The Power of Giving Back

 
ross powers and young snowboarders

Ross Powers (back row with flaming board) and his young athletes at the 2017 Vermont Open.

 

Gold Medalist Ross Powers’ Foundation Helps Olympic Dreams Come True

 

By Gayle Fee

When 2002 Olympic gold medal snowboarder Ross Powers was a child growing up in Londonderry, Vermont, there wasn’t a lot of extra money for equipment, competition entry fees, and all the other expenses that came with pursuing his snowboard dreams.

“My dad left when I was in kindergarten,” Powers said. “My mom worked at Bromley, and still does today, and did everything she could to get me to events.”

But Powers, a snowboarding prodigy at age 10, sometimes needed more help.

“When I was in the fifth grade, the Bromley Outing Club gave me $500 to get to the USASA Nationals in Snow Valley, California,” he recalled.

Powers took first place in his under-12 age group, his first competition outside of New England. That got the attention of Vermont snowboarding pioneer Jake Burton Carpenter, who began supplying Ross with equipment for both practice and competitions. Mountain Surf, a shop in the Price Chopper Plaza in Manchester, helped with some of the contest entry fees.

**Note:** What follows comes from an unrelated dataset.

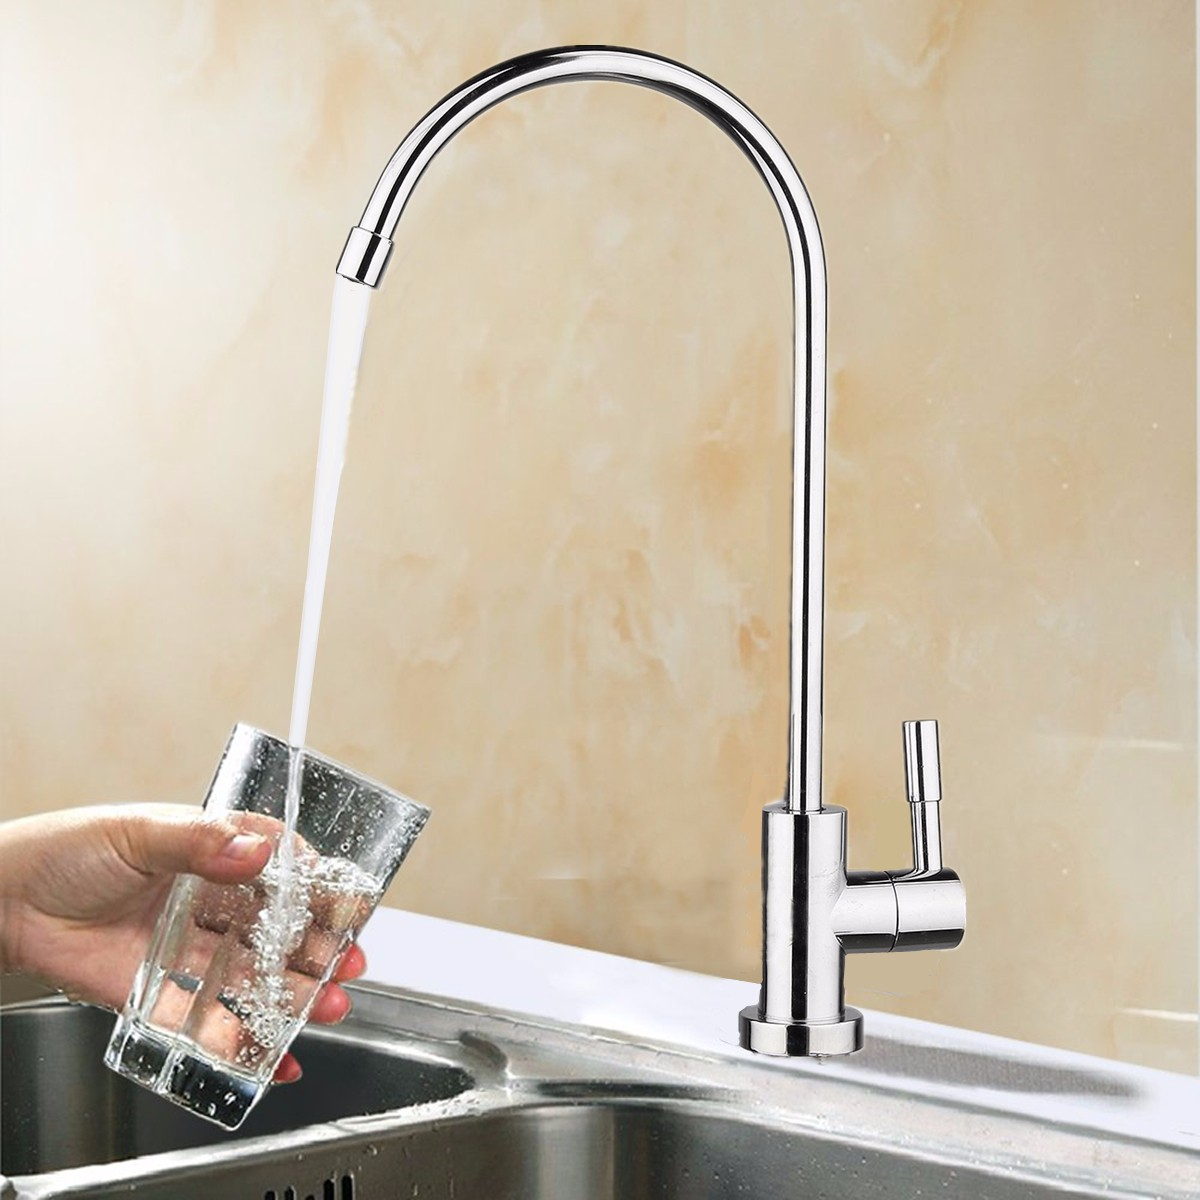 1/4 Reverse Bathroom Kitchen 360 Degree Drinking Water Filter Gooseneck Type Basin Faucets Kitchen Sink Tap Chrome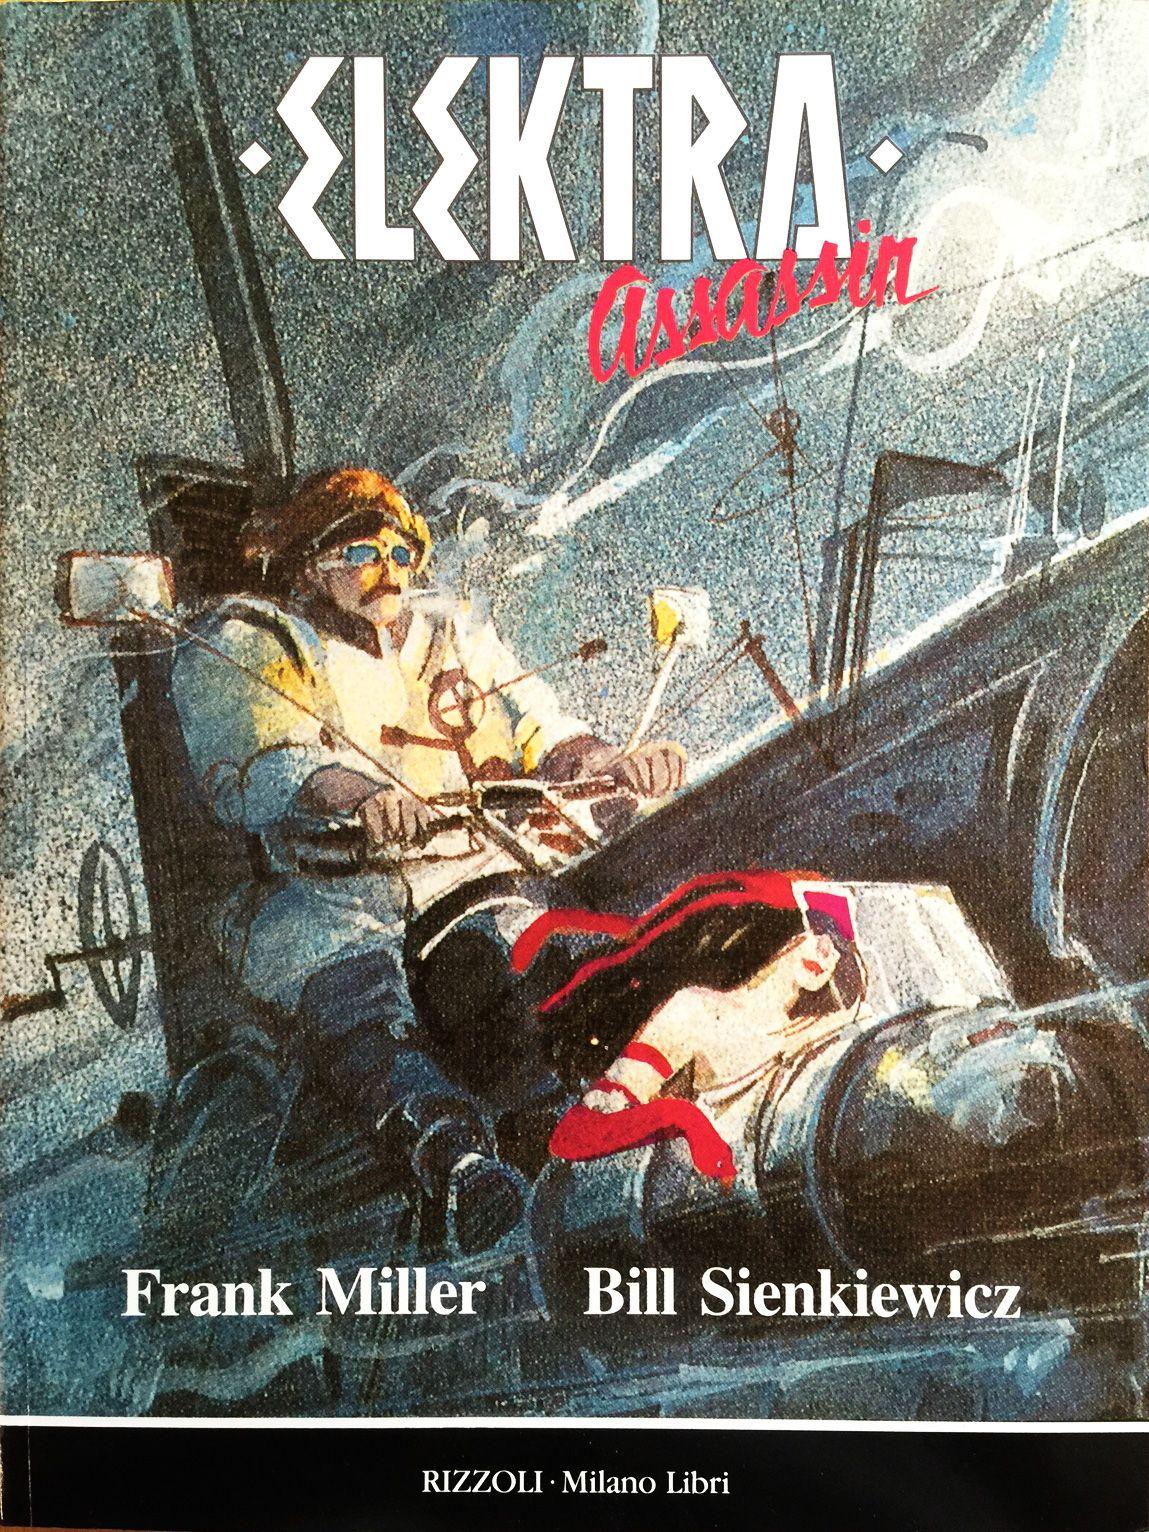 "Frank Miller (storia) & Bill Sienkiewicz (disegni) ""Elektra Assassin"" _ Rizzoli - Milano Libri, novembre 1991"

Fast forward a few years and Ross spotted a young snowboarder ripping it up at Bromley who reminded him a little of himself at that age.

“It was Tyler Emond. He was the youngest one of the next generation of snowboarders,” Powers said. “I would always see him riding and I found out that he wanted to go to Stratton Mountain School, but the family couldn’t afford it.”

So Powers donated $1,000 to help defray some of Tyler’s tuition expenses.

ross powers gold medal
Clive Brunskill/Getty Images

“I did it because people had helped me along the way and he was a good kid,” he said.

Emond went on to be a top-ranked freestyle rider and member of the U.S. Snowboard team from 2003–2006. Powers went on to start the Ross Powers Foundation—now called the Level Field Fund—dedicated to helping talented but financially strapped athletes pursue excellence in their sport.

“We started out helping snowboarders in Vermont, then branched out to all winter sports in Vermont, and now we do all seasons, all sports nationwide,” Ross explained.

Along the way, the foundation has picked up support from Powers’ fellow Olympians including gold medal swimmers Michael Phelps and Lenny Krayzelburg, two-time Olympic snowboard cross-champ Seth Wescott and Olympic skier Daron Rahlves. And the Level Field Fund has helped dozens of athletes including 2014 snowboard cross bronze medalist Alex Deibold, 2014 silver medal skier Devin Logan, 2002 bobsled gold medalist Jill Bakken, and more make their Olympic dreams come true.

“People gave to me to make snowboarding possible,” Powers said. “Now I can give athletes the same chance I had.”

And that’s a chance at greatness.

For more information, go to levelfieldfund.org.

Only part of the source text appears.